Community Articles
Find and share helpful community-sourced technical articles
Labels (2)

Because spark action in oozie is not supported in HDP 2.3.x and HDP 2.4.0, there is no workaround especially in kerberos environment. We can use either java action or shell action to launch spark job in oozie workflow. In this article, we will discuss how to use oozie shell action to run a spark job in kerberos environment.

Prerequisite:

1. Spark client is installed on every host where nodemanager is running. This is because we have no control over which node the

2. Optionally, if the spark job need to interact with hbase cluster, hbase client need to be installed on every host as well.

Steps:

1. Create a shell script with the spark-submit command. For example, in the script.sh:

/usr/hdp/current/spark-client/bin/spark-submit --keytab keytab --principal ambari-qa-falconJ@FALCONJSECURE.COM --class org.apache.spark.examples.SparkPi --master yarn-client --driver-memory 500m --num-executors 1 --executor-memory 500m --executor-cores 1 spark-examples.jar 3

2. Prepare kerberos keytab which will be used by the spark job. For example, we use ambari smoke test user, the keytab is already generated by Ambari in/etc/security/keytabs/smokeuser.headless.keytab.

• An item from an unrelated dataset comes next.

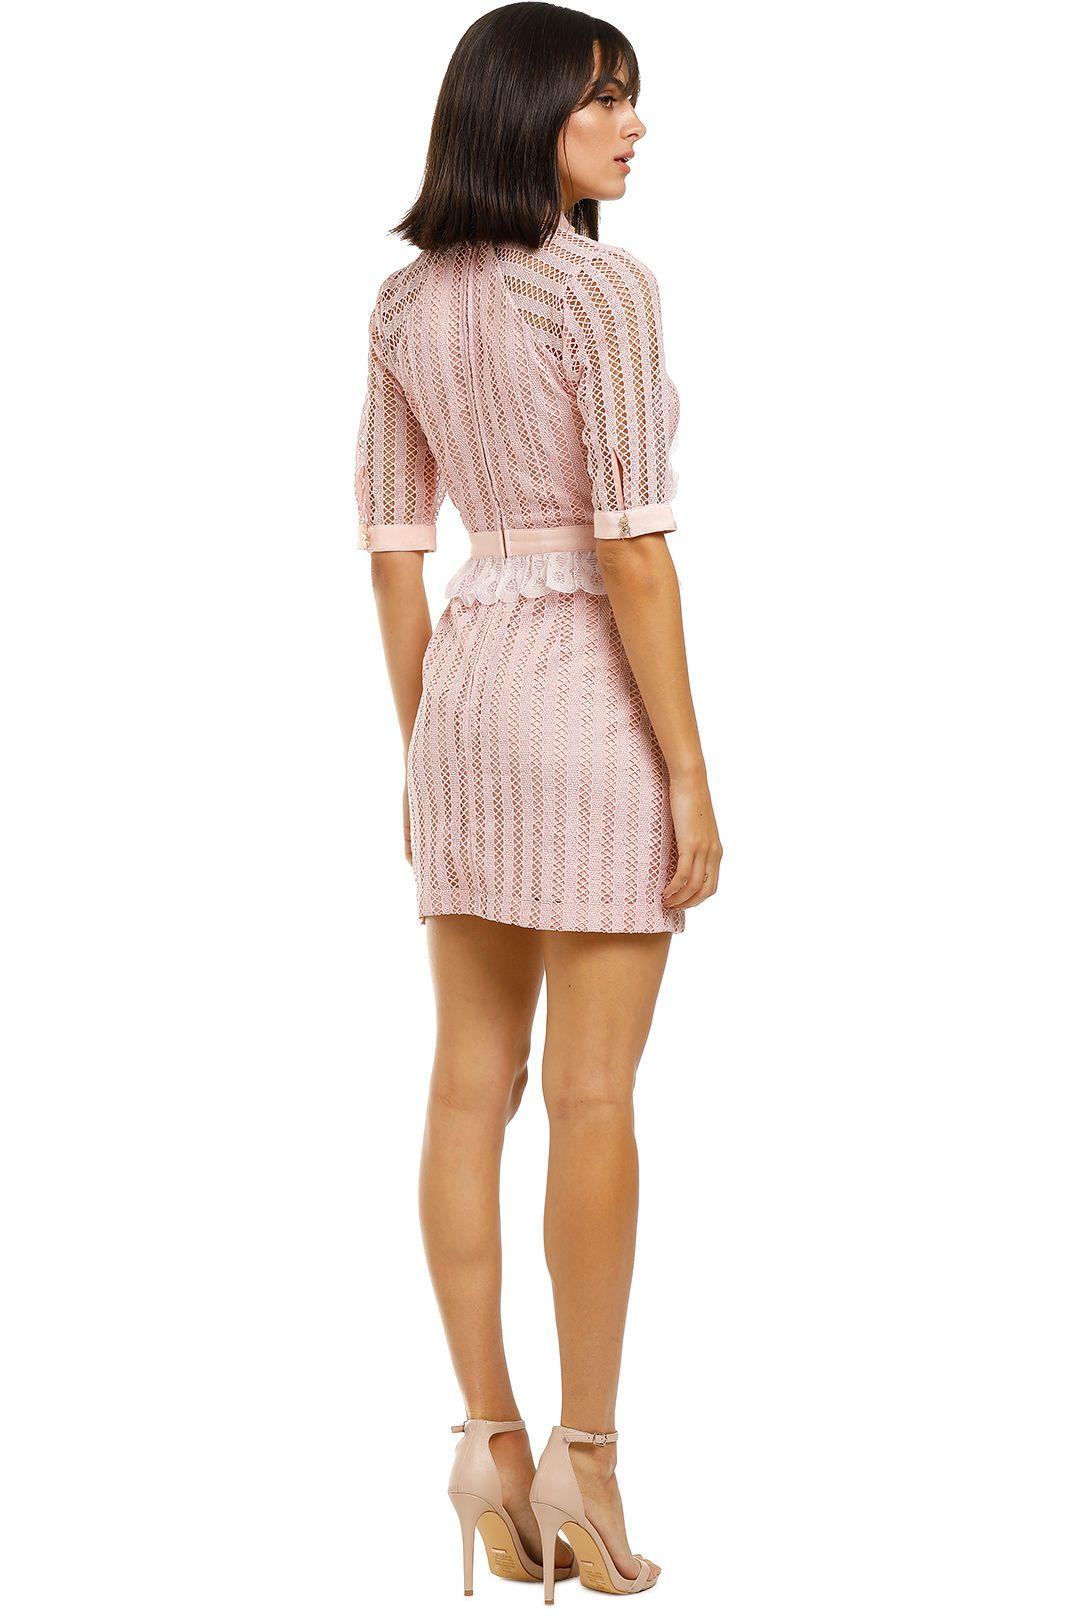 Keepsake-the-Label-Portrait-Mini-Dress-Blush-Back

3. Create the oozie workflow with a shell action which will execute the script created above, for example, in the workflow.xml:

<workflow-app name="WorkFlowForShellAction" xmlns="uri:oozie:workflow:0.4">
  <start to="shellAction"/>
    <action name="shellAction">
      <shell xmlns="uri:oozie:shell-action:0.2">
        <job-tracker>${jobTracker}</job-tracker>
        <name-node>${nameNode}</name-node>
        <exec>script.sh</exec>
        <file>/user/oozie/shell/script.sh#script.sh</file>
        <file>/user/oozie/shell/smokeuser.headless.keytab#keytab</file>
        <file>/user/oozie/shell/spark-examples.jar#spark-examples.jar</file>
        <capture-output/>
      </shell>
      <ok to="end"/>
      <error to="killAction"/>
  </action>
  <kill name="killAction">
    <message>"Killed job due to error"</message>
  </kill>
  <end name="end"/>
</workflow-app>

4. Create the oozie job properties file. For example, in job.properties:

nameNode=hdfs://falconJ1.sec.support.com:8020

jobTracker=falconJ2.sec.support.com:8050

queueName=default

oozie.wf.application.path=${nameNode}/user/oozie/shell

oozie.use.system.libpath=true

5. Upload the following files created above to the oozie workflow application path in HDFS (In this example: /user/oozie/shell):

- workflow.xml

- smokeuser.headless.keytab

- script.sh

- spark uber jar (In this example: /usr/hdp/current/spark-client/lib/spark-examples*.jar)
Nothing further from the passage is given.